BAD: const API_KEY = "sk-abc123..." in source code GOOD: const API_KEY = process.env.API_KEY loaded at runtime

  • Use environment variables or secret managers for all sensitive configuration
  • Add .env files to .gitignore — never commit them
  • Rotate secrets immediately if exposed in version control — automated scanners find leaked keys within minutes

Secrets Scanning

  • Run a secrets scanner (Gitleaks or TruffleHog) as a pre-commit hook — catching secrets before push is the cheapest mitigation
  • Run the same scanner in CI as a required check on pull requests — pre-commit hooks can be bypassed
  • Scan the full git history periodically, not just the latest diff — secrets deleted from HEAD remain in git history indefinitely

Input Validation

  • Validate and sanitize ALL user input at system boundaries — prevents injection attacks and data corruption

BAD: db.query("SELECT * FROM users WHERE id = " + userId) GOOD: db.query("SELECT * FROM users WHERE id = $1", [userId])
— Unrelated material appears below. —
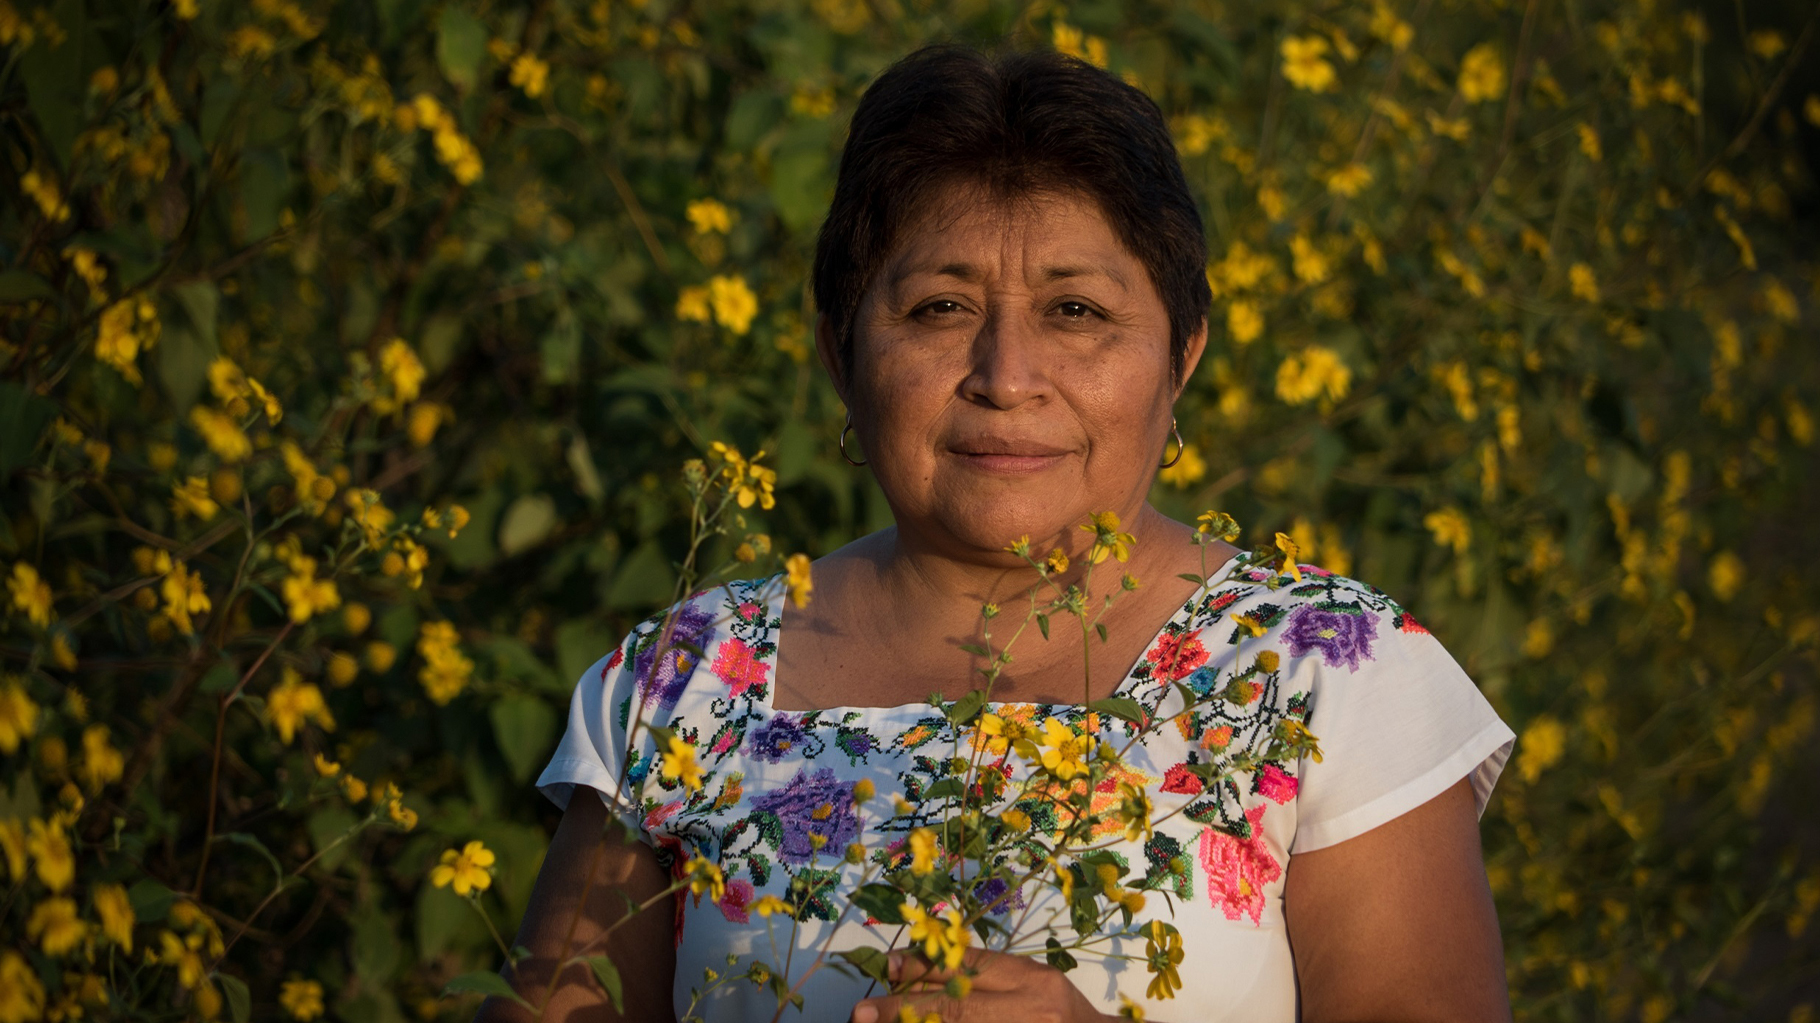 2020 Goldman Environmental Prize winner Leydy Pech surrounded by "flor de tajonal," a source of nectar for bees in the region. Image credit: Courtesy of Goldman Prize
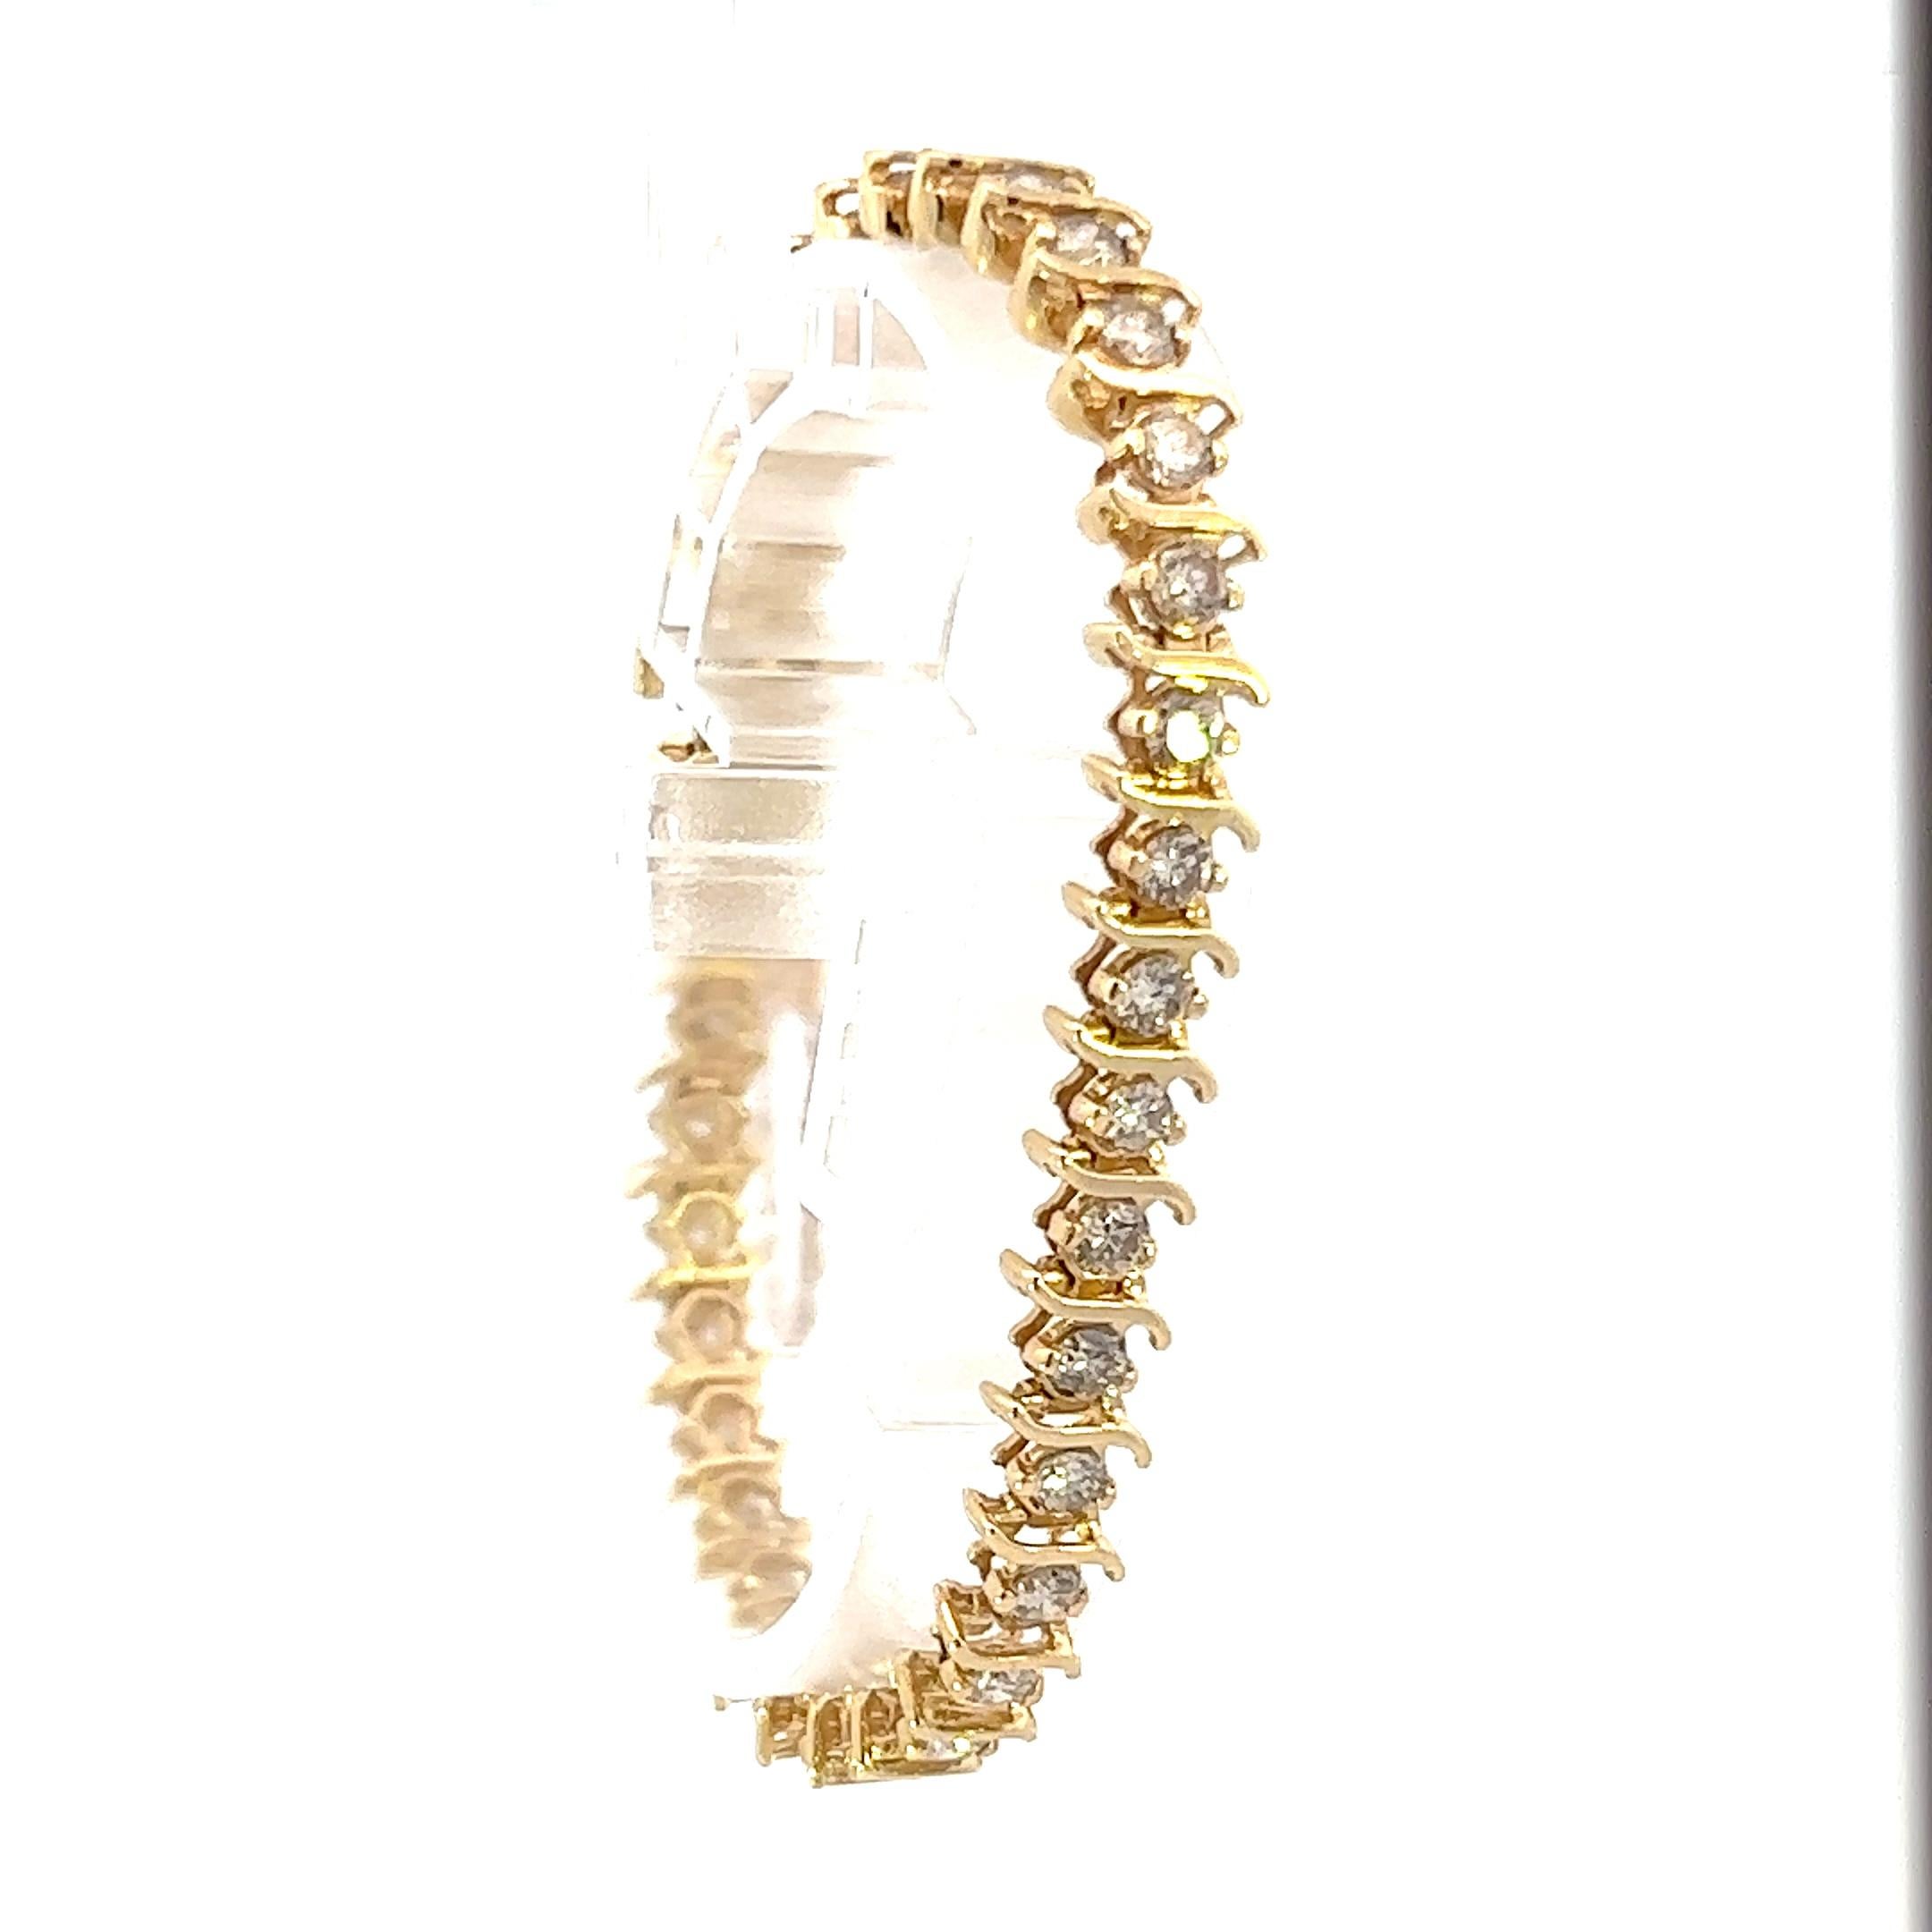 This is a unique 14k yellow gold contemporary diamond bracelet. Being made in 14k yellow gold, this bracelet displays a rich tone and offers timeless appeal. Although this 14k yellow gold bracelet has a classic appeal, it also has a distinctive look

  • Use parameterized queries to prevent SQL injection
  • Escape output to prevent XSS (cross-site scripting)
  • Validate file uploads: check type, size, and content — malicious uploads can execute server-side code
  • Validate and allowlist all URLs that the server fetches on behalf of users — SSRF lets attackers reach internal services and cloud metadata endpoints
  • Block requests to internal IP ranges (169.254.x, 10.x, 172.16-31.x, 192.168.x) from server-side URL fetching
  • Never deserialize untrusted data with general-purpose deserializers — use schema-validated formats (JSON with Zod/Joi, not pickle/yaml.load)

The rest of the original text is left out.